In Chicago, word spreads quickly. The city’s reputation for producing basketball talent has everyone on the lookout, as locals are always eager to find the next big thing on the hardwood.
It’s never too early to anoint the next legend, either. That’s why Jabari Parker signed his first autograph in the sixth grade.
“I remember there was an article in the paper about me,” says Parker, now a junior at Simeon. “Someone came up and asked me to sign it. That was interesting.”
Chicago was pumping up Parker as the sport’s next phenom before he even reached middle school, but the rest of the country was in wait-and-see mode. Even after he stepped into Simeon’s starting lineup as a freshman and helped the team win a state title, he wasn’t locked into the top spot.
But as it turns out, the Windy City hype machine was right all along. There’s no need to wait anymore. Parker has proved it — after watching him lead Simeon to another state crown last year, it’s safe to say he’s backed up the hype and then some.
Ranked No. 1 among juniors in the ESPNU 60, Parker is arguably the country’s top player regardless of class.
“Jabari is an exceptional talent,” says Simeon coach Robert Smith. “I think he can be one of the best basketball players that ever lived. Ever.”
Parker’s true position is small forward, where he draws comparisons to NBA All-Stars like Grant hill, Paul Pierce and Carmelo Anthony, but Smith uses him all over the court.
At 6-foot-8, Parker can legitimately play all five positions at the high school level and dominate at each spot. He’s the perfect combination of skill, size, athletic ability, attitude and intelligence. Last year as a sophomore, he averaged 16 points and eight rebounds per game while flashing the kind of talent that should have pro teams tanking games during the 2013-14 season in order to draft him.
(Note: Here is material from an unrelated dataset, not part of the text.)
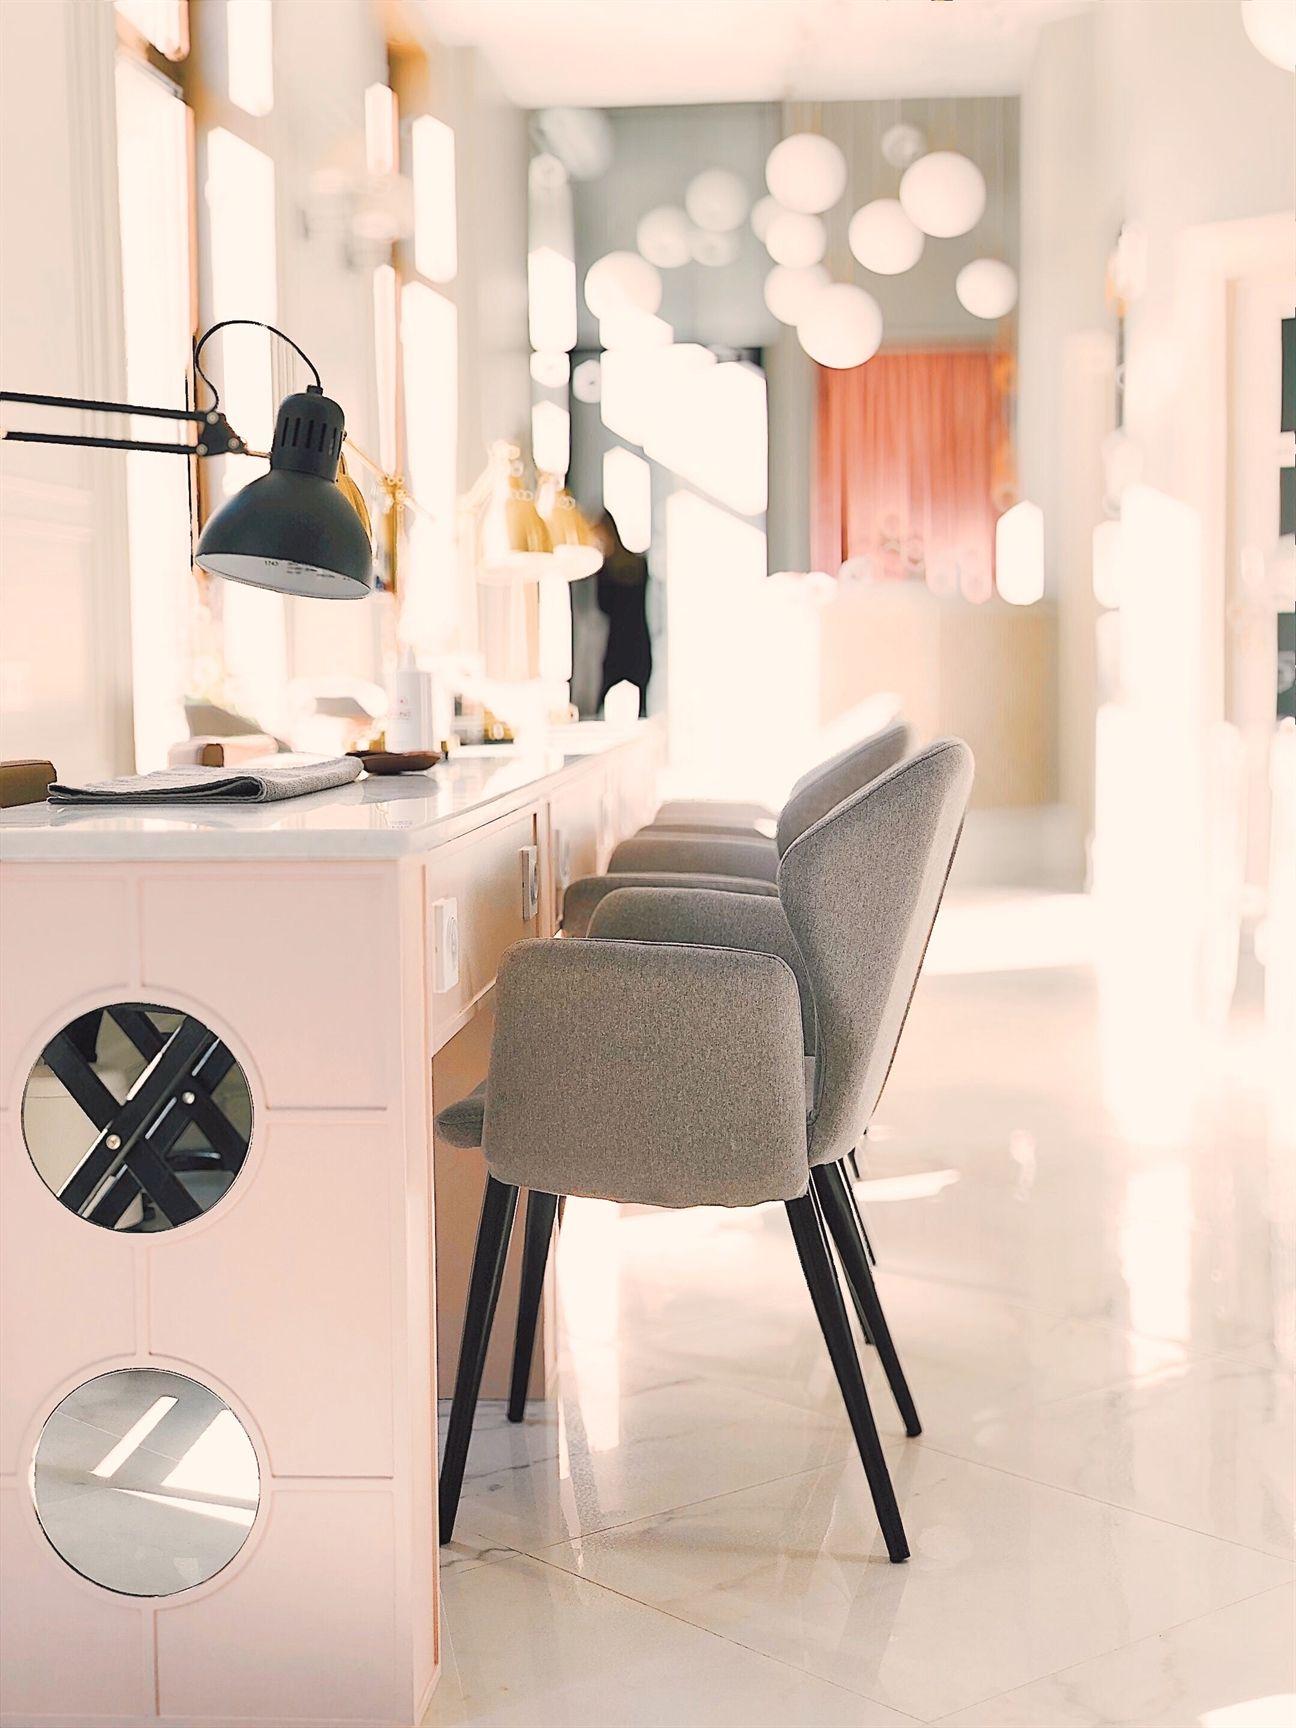 Home Decor Trade 842 20181225194914 62 S Paris Country Cottage Catalogs

Parker does everything for Simeon. He runs the point, scores on the perimeter, initiates the offense, posts up and crashes the boards. It’s a lot of pressure to put on one player, but if early fame taught Parker anything, it’s the importance of being poised.
That composed presence is one of the biggest reasons Parker has been able to guide Simeon to Class 4A state championships the past two seasons.
"I think poise is my best quality,” says Parker, whose Wolverines open this season as the nation’s No. 1 team in the POWERADE FAB 50. “I always try to have my head about me, and I think that gives my coaches and my teammates confidence in me. They know that no situation is too big for me.”
When it was announced that he would attend Simeon, the Parker buzz got even louder. The school had just seen its previous superstar and most famous alum, Derrick Rose, walk across the stage as the top pick in the NBA draft, and similar expectations were placed on Parker.
“In this city, there’s a lot of expectations and hype,” says Parker. “coming out of eighth grade when i was going to Simeon, it was a lot of talk about Derrick Rose and now, me. But I was OK with it, because I want people to expect the most out of me. I was hungry.”
Parker has always been well equipped to deal with the spotlight. His father, Sonny, is a former NBA player, so Jabari has never been in awe of the glitz and glamour that goes with being a professional athlete.
And his mother, Lola, is a big influence on how he lives his life off the court. Parker credits her for keeping him grounded while at the same time encouraging him to pursue basketball.
“Family is really No. 1 for me,” says Parker. “They are why I’m the person I am today. They taught me to be focused and to have discipline. I try to do things 110 percent and with full effort. I have full gratitude for my parents for teaching me that.”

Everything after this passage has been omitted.